Mit Aktionen wie dem Kirschbaum oder Spenden an Leseklubs schafft es Amazon immer wieder positiv in die Schlagzeilen der Lokalzeitungen, wie z.B. der Rheinischen Post. Doch neben diesen eher symbolischen Belohnungen übt Amazon in der Stadt immer mehr Einfluss auf die Kommunalpolitik aus, indem es in vielen öffentlichen Bereichen „mithilft“, sodass sie immer abhängiger von Amazons Unterstützung werden: Da wäre z.B. die Tafel, wo Amazon Logistik beim Verteilen bereitstellt und nicht verkaufte Lebensmittel spendet. Dabei geben die Tafeln – in denen sonst Ehrenamtliche helfen – zu, dass sie ohne Amazon nicht im gleichen Umfang Lebensmittel an die Bedürftigen verteilen könnten.

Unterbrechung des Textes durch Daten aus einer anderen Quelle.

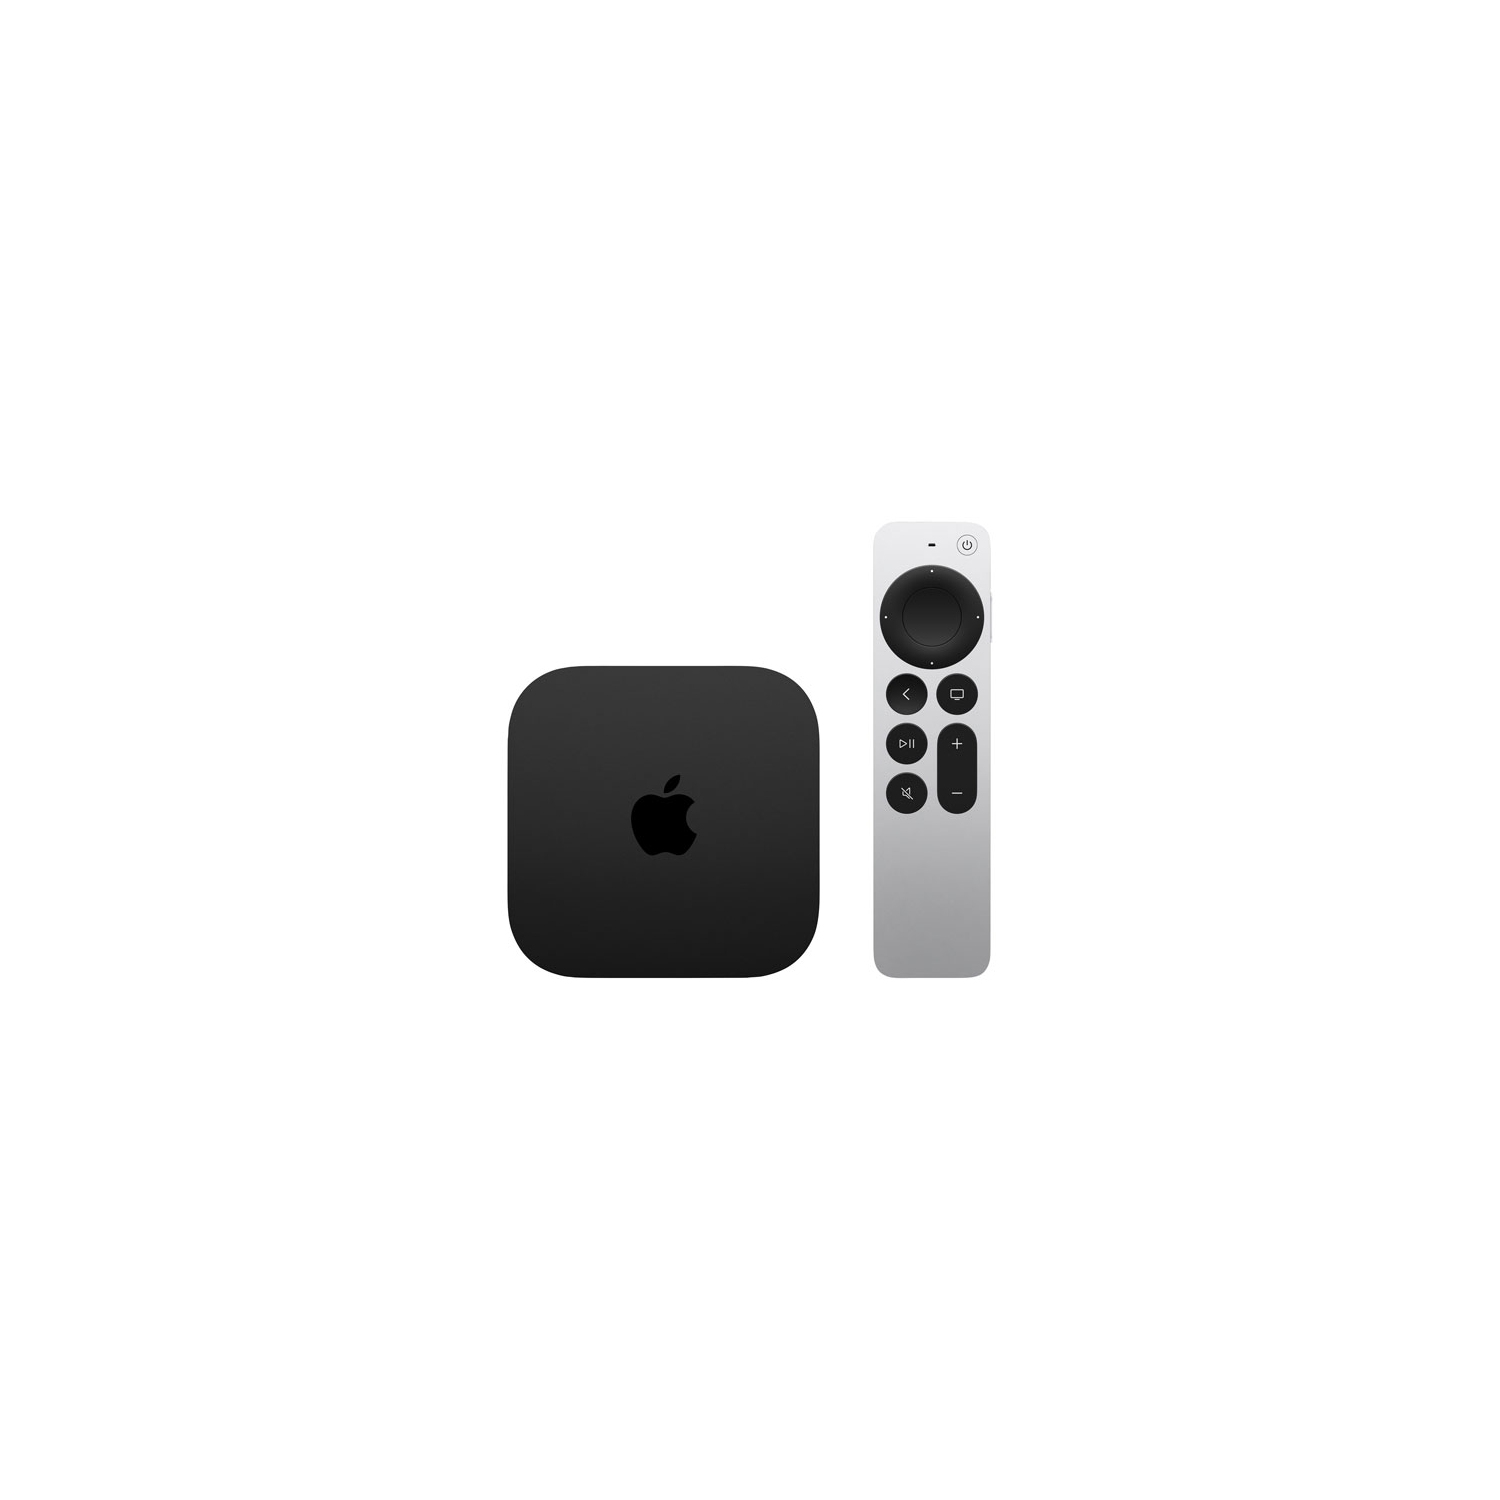 Refurbished (Good) - Apple TV 4K 64GB with Wi-Fi (3rd Generation)

Ein weiterer Ansatzpunkt Amazons ist die Katastrophenhilfe: In Rheinberg sitzt auch der „Disaster Relief Hub“, durch den es Hilfsgüter in Europa verteilen kann. Amazon könnte dabei stetig mehr essenzielle Aufgaben übernehmen, die eigentlich sonst der Staat machen sollte. Außerdem kann Amazon so selbst entscheiden, bei welchen Katastrophen es Unterstützung leistet und bei welchen nicht.

Auch in der Bildungspolitik spielt Amazon eine immer größere Rolle: Neben seinem eigenen Programm „Amazon Future Engineers“ ist das Unternehmen auch an öffentlichen Projekten beteiligt, wie z.B. der Bildungsinitiative „Klima-Programmierer: Klima-Resilienz durch Coding“ in Kooperation mit dem Thüringer Bildungsministerium.

Verlust von Hausausweisen

Zuletzt kam Amazon mit dem Europäischen Parlament in Konflikt: Es war nicht zu einer Anhörung zu Arbeitsbedingungen in seinen eigenen Logistikzentren erschienen und hatte Abgeordneten den Besuch dort verweigert. Nach Druck von Gewerkschaften und Organisationen wie Lobby Control entzog das Europäische Parlament daraufhin den Lobbyvertreter:innen Amazons ihre Hausausweise. Mit solchen Ausweisen haben Lobbyist:innen Privilegien wie zum Beispiel, sich in Parlamenten frei bewegen und die Büros von Abgeordneten für Gespräche besuchen zu können. Solche Ausweise gibt es auch für den Deutschen Bundestag.